## [Problem description]
Set down the final stretch of the data, from the line that holds "ícone do capacete" through the last line, both included, with pictures left out.

## [Supplied data]
☆ ☆ ☆ ☆ ☆ ☆ ☆
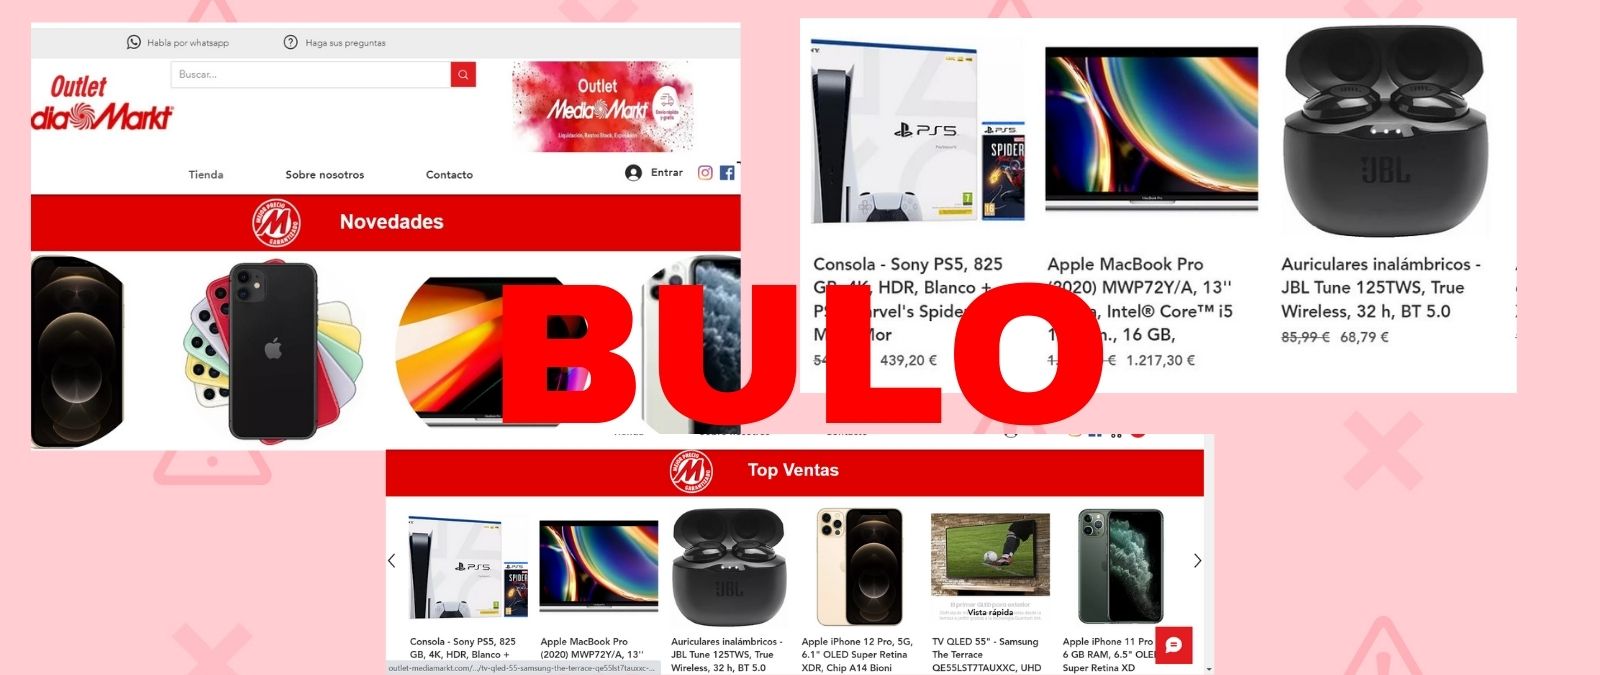 Mediamarkt no te vende un patinete Xiaomi por 1,99 euros: Es una estafa por  Facebook - Meristation
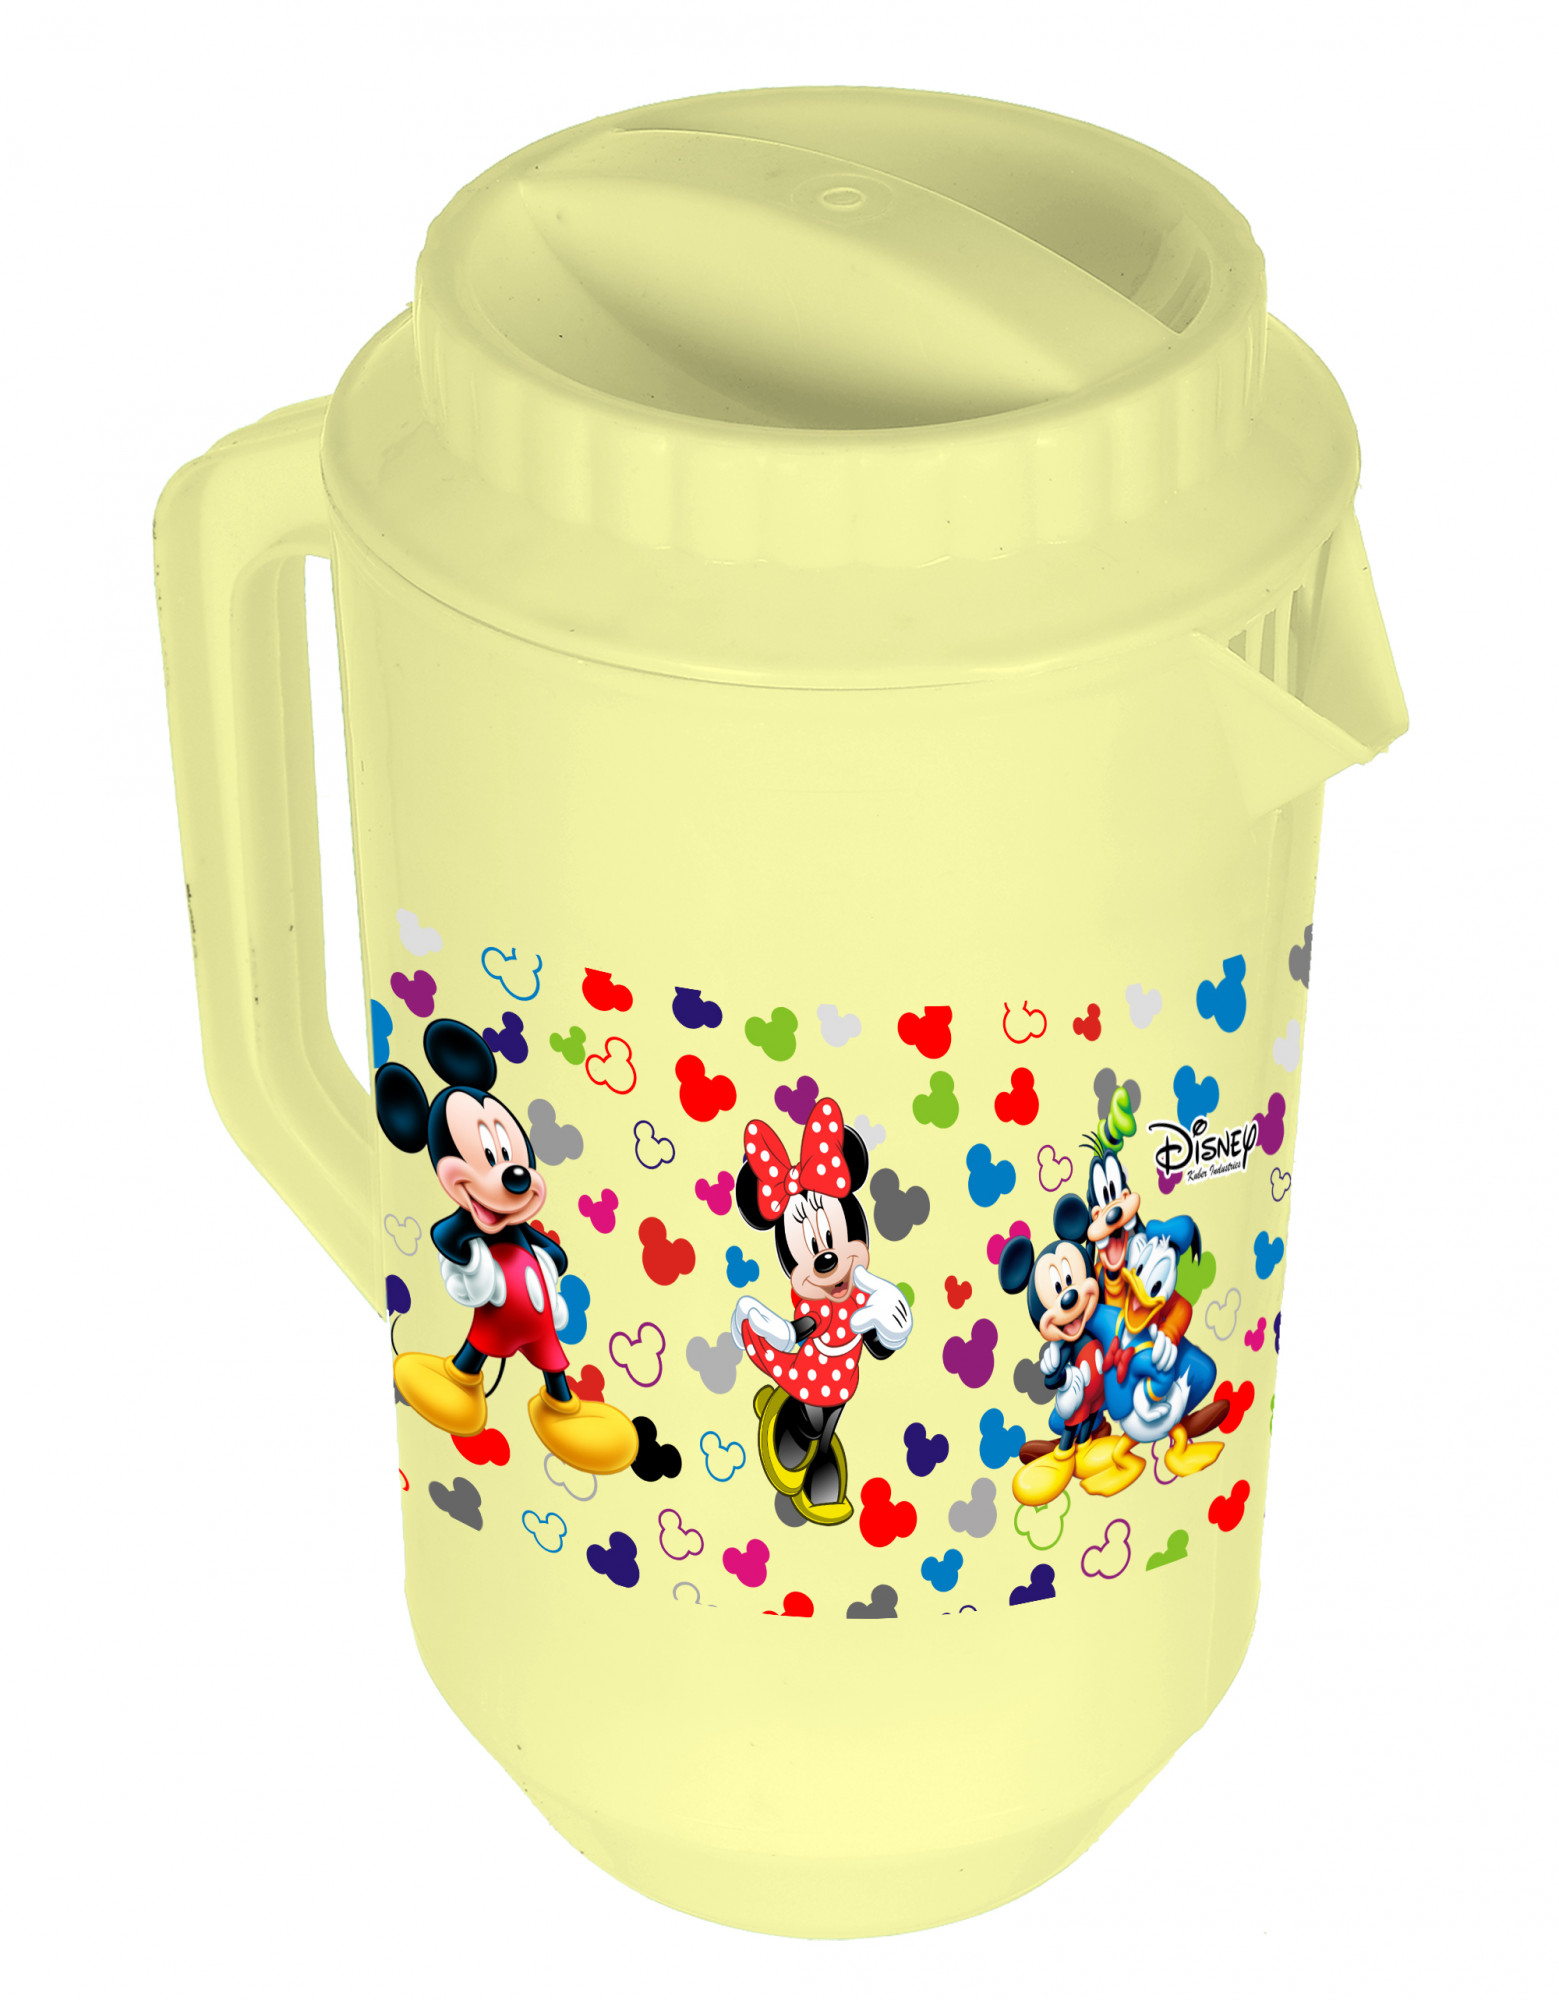 Kuber Industries Disney Team Mickey Print Unbreakable Multipurpose Plastic Water & Juice Jug With Lid,2 Ltr (Set Of 2, Cream & White)
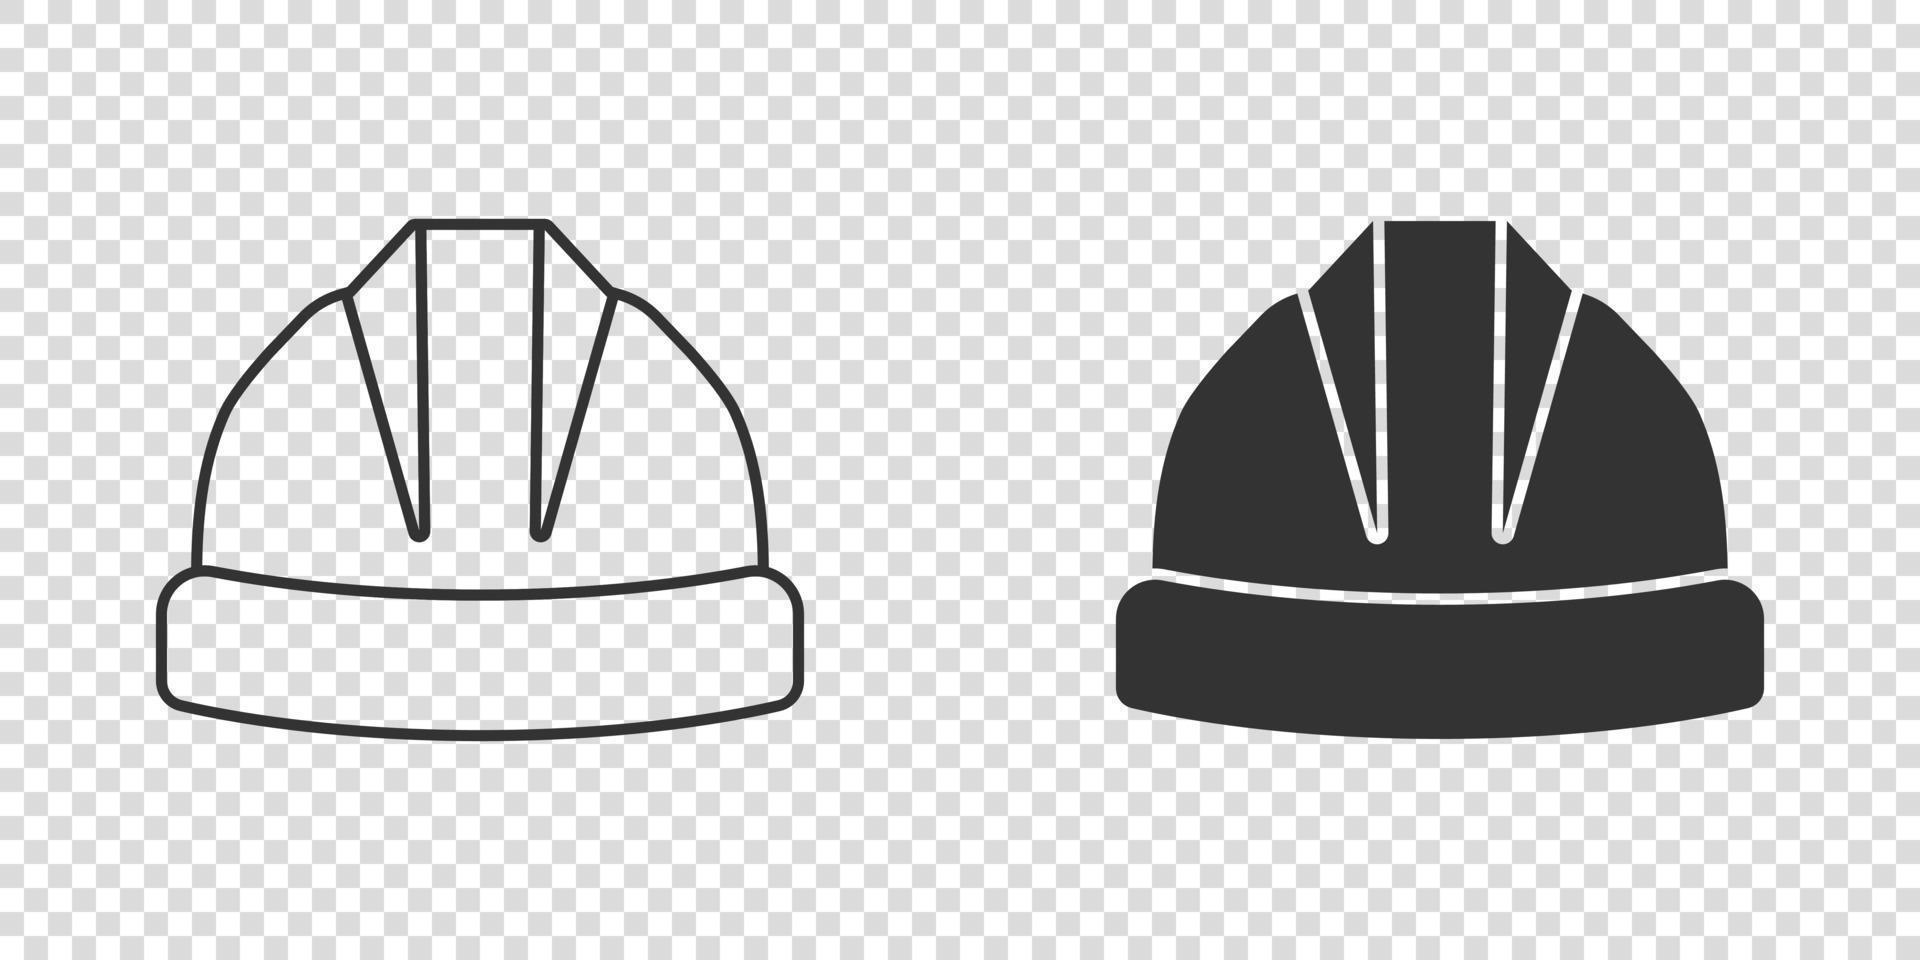 ícone do capacete de construção em estilo simples. ilustração em vetor tampa de segurança em fundo isolado. conceito de negócio de sinal de chapéu de trabalhador.
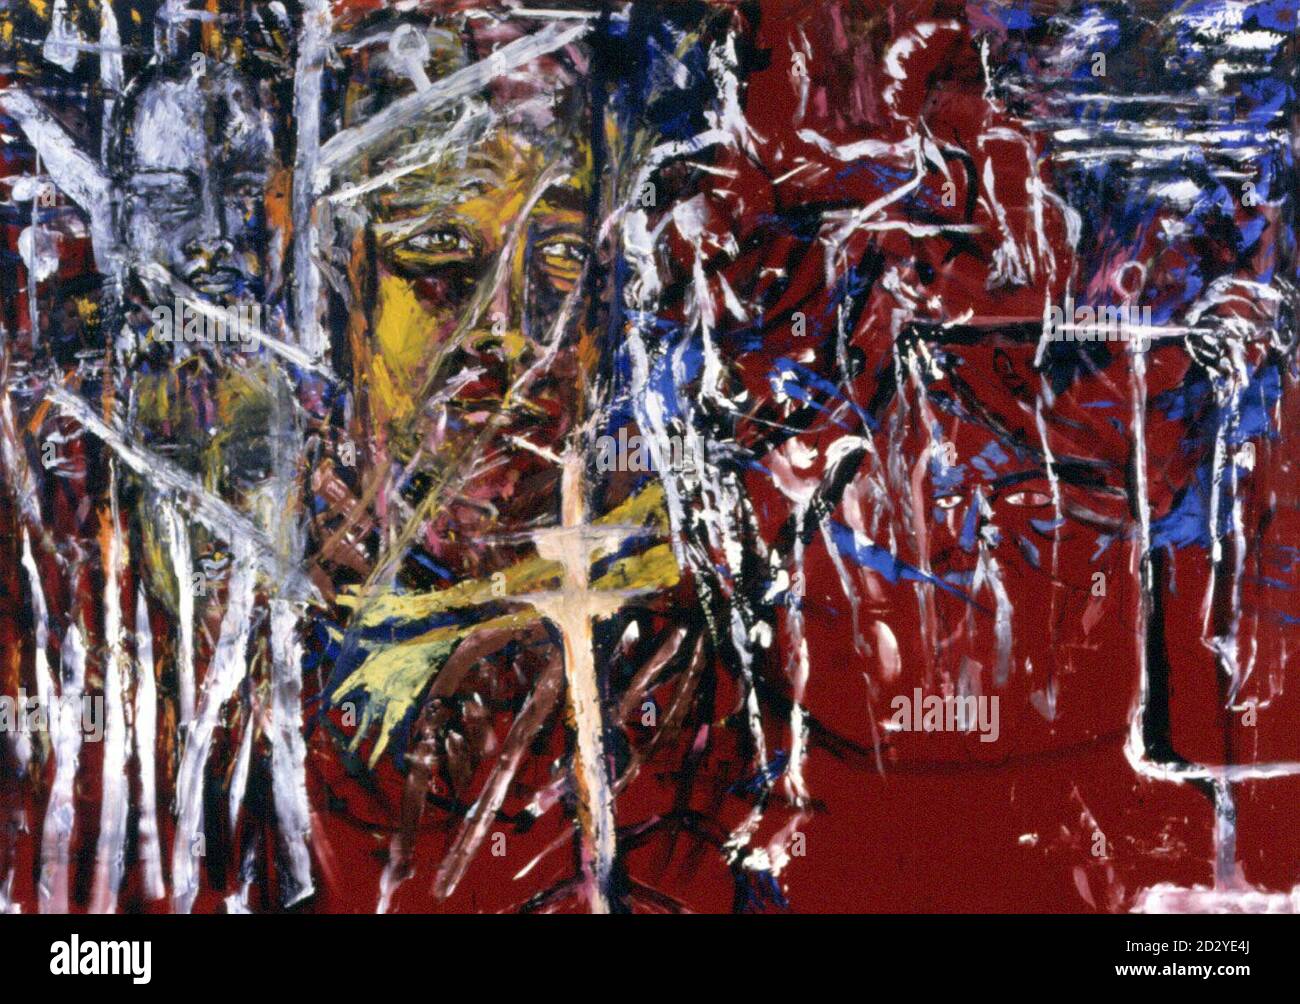 Homo Painting' de Julian Schnalbel (né en 1951) 1981 - fait partie d'une collection de 2.6 millions d'œuvres d'art du XXe siècle qui a été donnée à la Tate Gallery de Londres par la collectionneuse Janet Wolfson de Botton, comme un geste de soutien à la création de sa galerie Bankside,ouverture prévue en 2000.Les peintures, qui comprennent également des œuvres d'Andy Warhol, de Cindy Sherman et de Gilbert et George, ont été exposées pour la première fois à la galerie aujourd'hui (lundi).Voir PA Story ARTS Tate.Galerie de photos. Banque D'Images
☆ ☆ ☆ ☆ ☆ ☆ ☆
## [Exercise answer]
 ícone do capacete de construção em estilo simples. ilustração em vetor tampa de segurança em fundo isolado. conceito de negócio de sinal de chapéu de trabalhador.
 Homo Painting' de Julian Schnalbel (né en 1951) 1981 - fait partie d'une collection de 2.6 millions d'œuvres d'art du XXe siècle qui a été donnée à la Tate Gallery de Londres par la collectionneuse Janet Wolfson de Botton, comme un geste de soutien à la création de sa galerie Bankside,ouverture prévue en 2000.Les peintures, qui comprennent également des œuvres d'Andy Warhol, de Cindy Sherman et de Gilbert et George, ont été exposées pour la première fois à la galerie aujourd'hui (lundi).Voir PA Story ARTS Tate.Galerie de photos. Banque D'Images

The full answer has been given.